AIM OF THE TASK: Write out exactly the lines from the one that contains "James Crofts, plus" down to the last line of the material below, keeping both ends and omitting pictures.

*** INFORMATION SUPPLIED ***

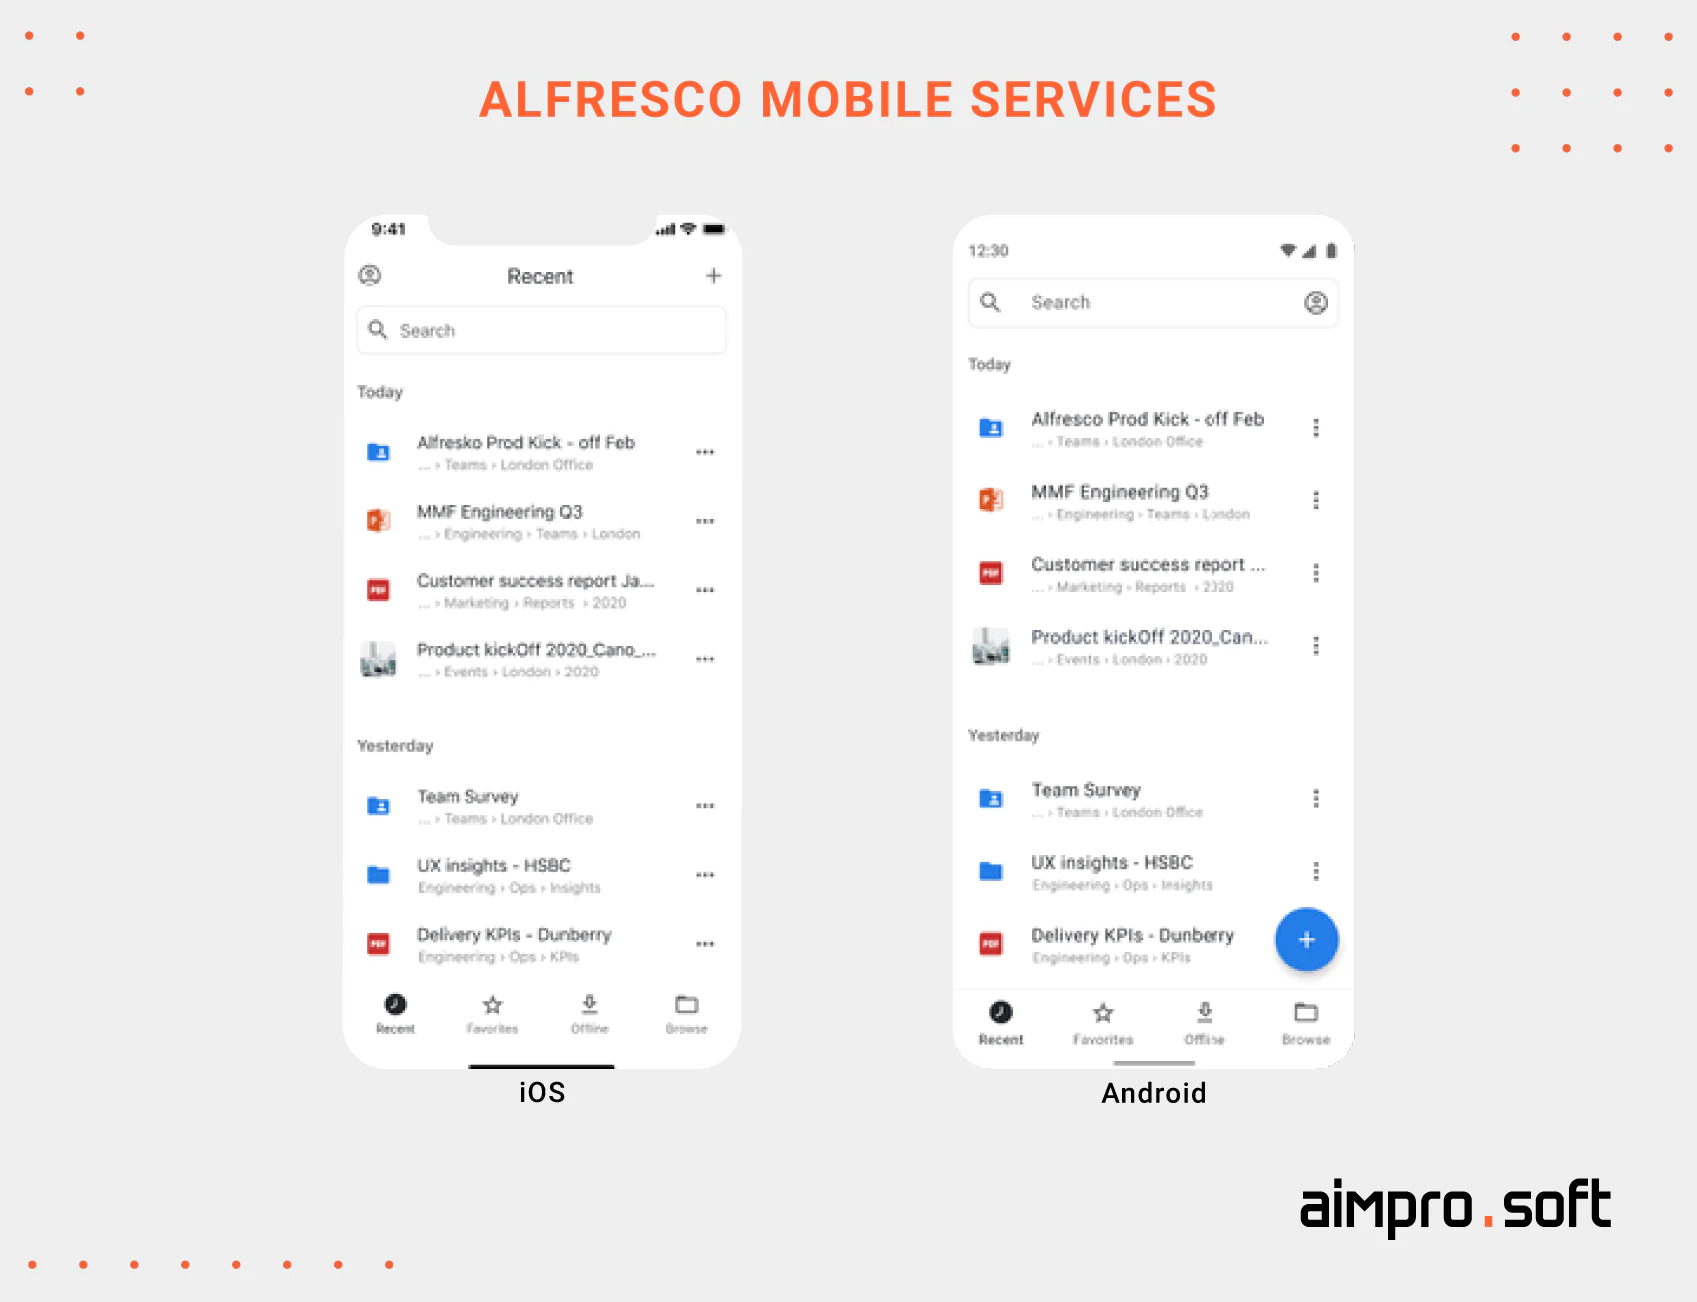 Alfresco Mobile Services
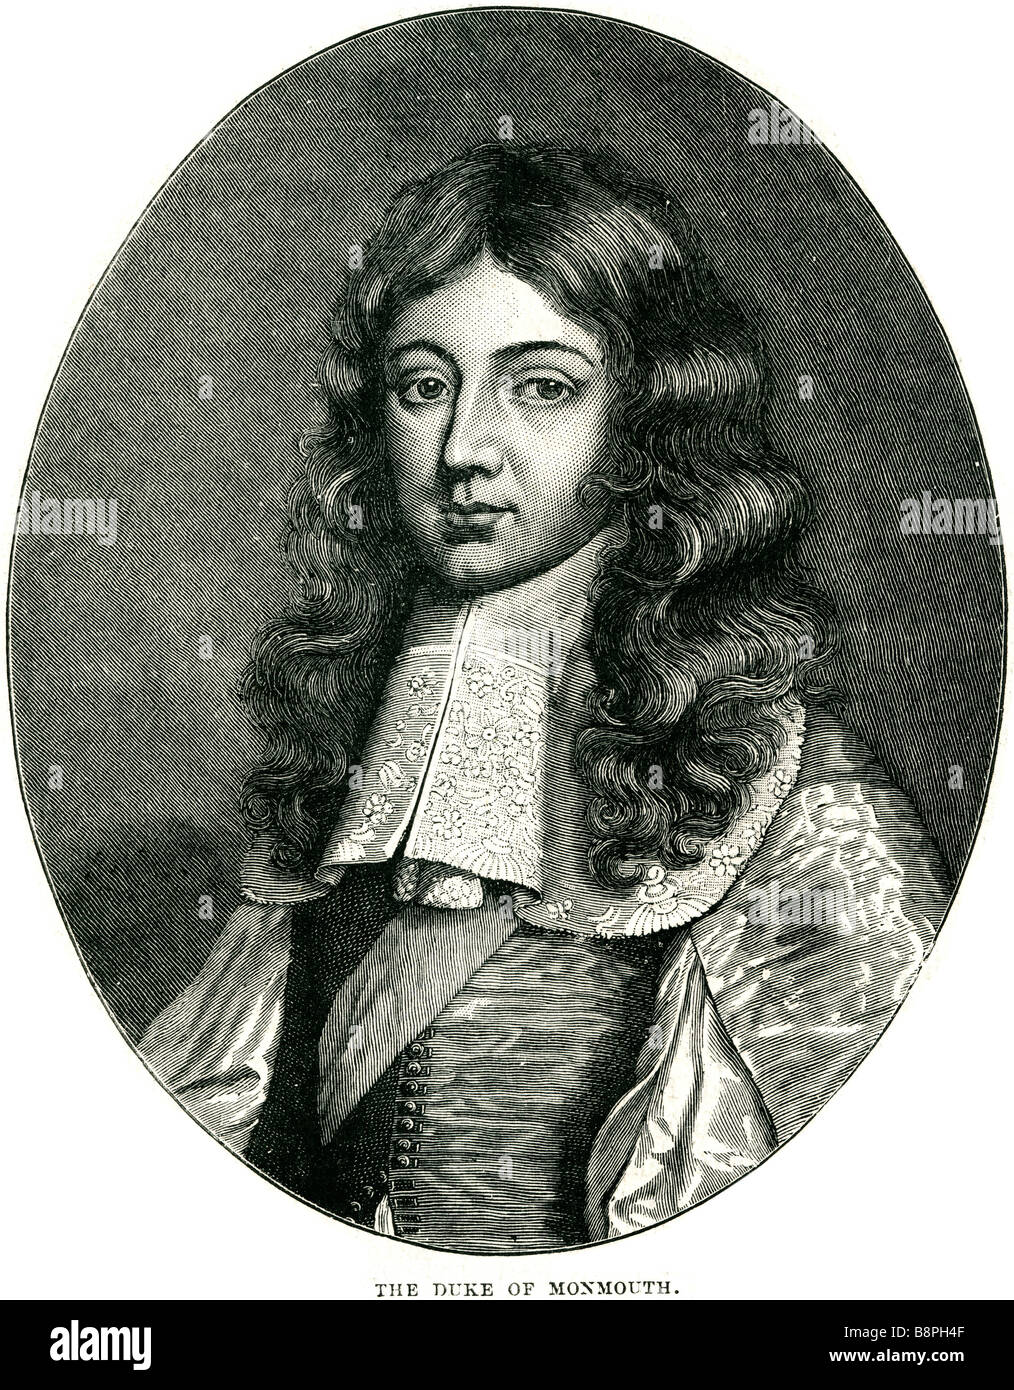 James Crofts, plus tard, James Scott, premier duc de Monmouth et 1er duc de Buccleuch PC (9 avril 1649 - 15 juillet 1685), était un Anglais Banque D'Images
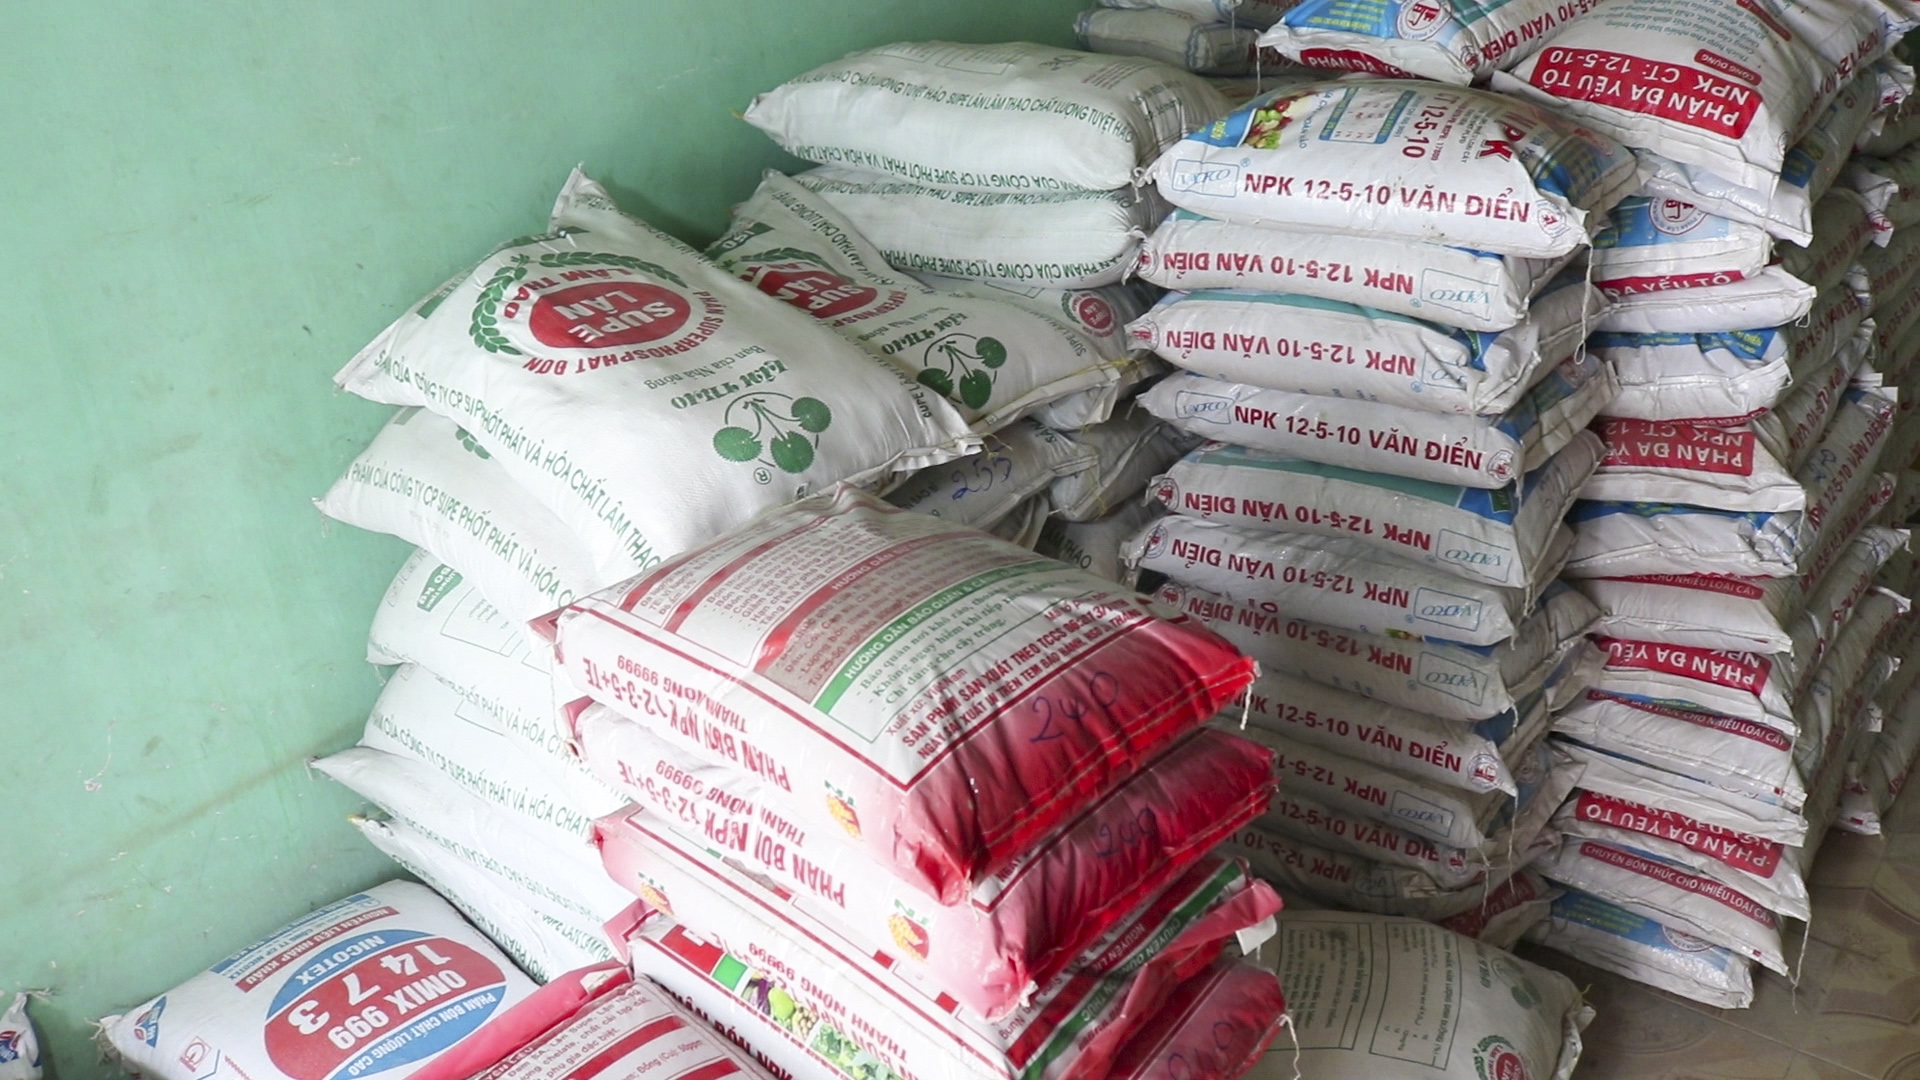 Giá phân bón tăng cao, người dân huyện Hoàng Su Phì gặp khó khăn trong sản xuất vụ mùa
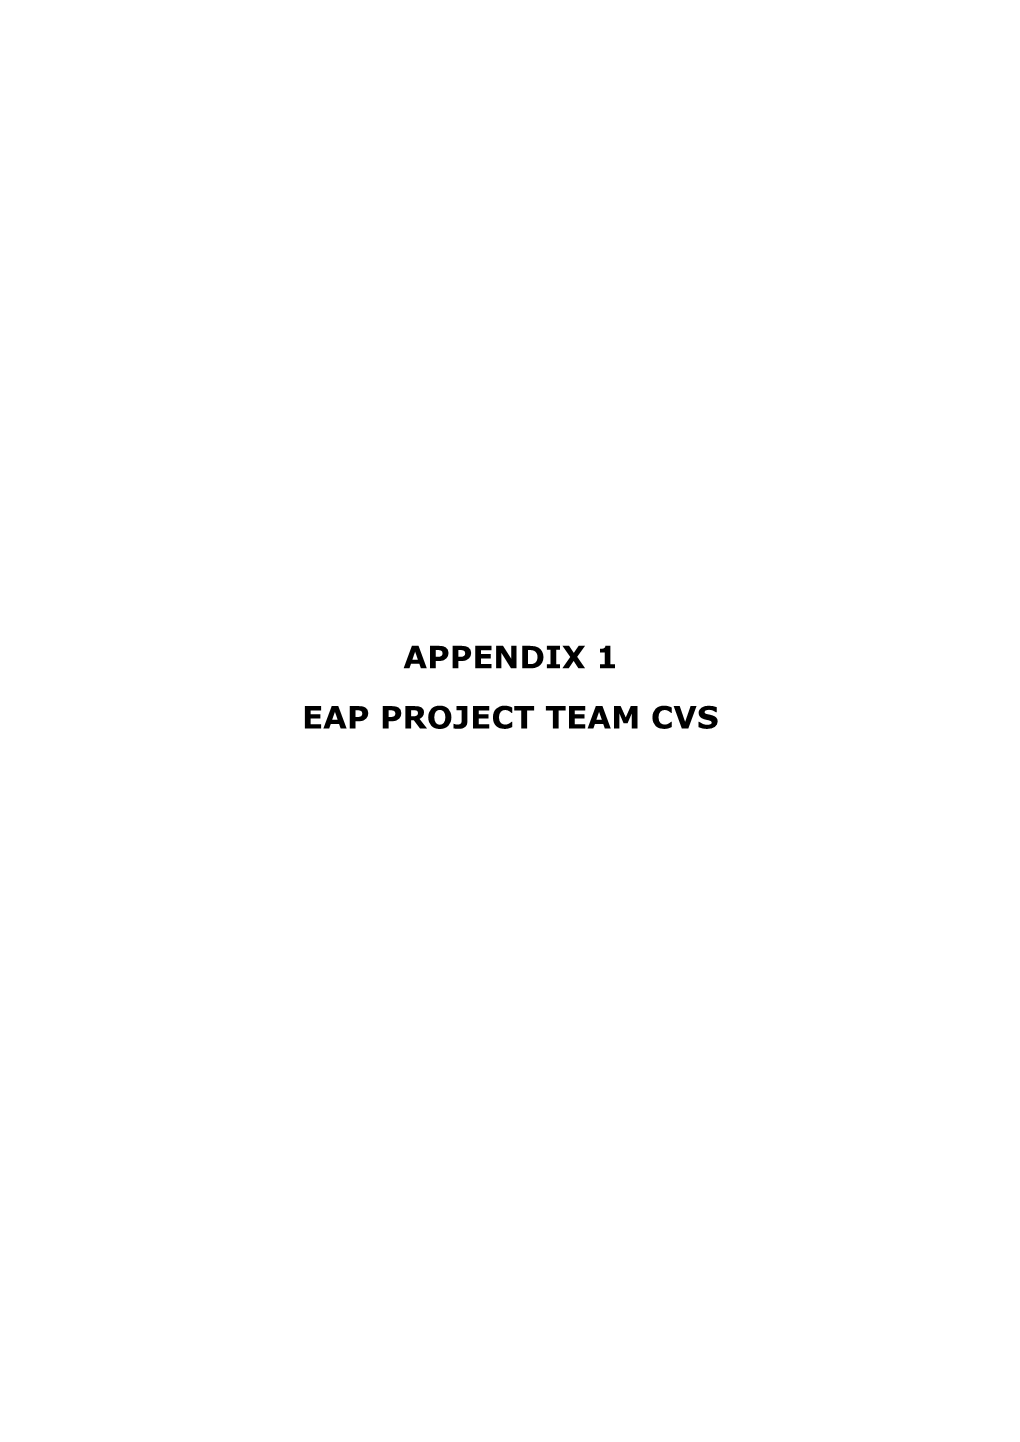 Appendix 1 Eap Project Team Cvs

***

TASK RESULT:
 James Crofts, plus tard, James Scott, premier duc de Monmouth et 1er duc de Buccleuch PC (9 avril 1649 - 15 juillet 1685), était un Anglais Banque D'Images
 Giá phân bón tăng cao, người dân huyện Hoàng Su Phì gặp khó khăn trong sản xuất vụ mùa
 Appendix 1 Eap Project Team Cvs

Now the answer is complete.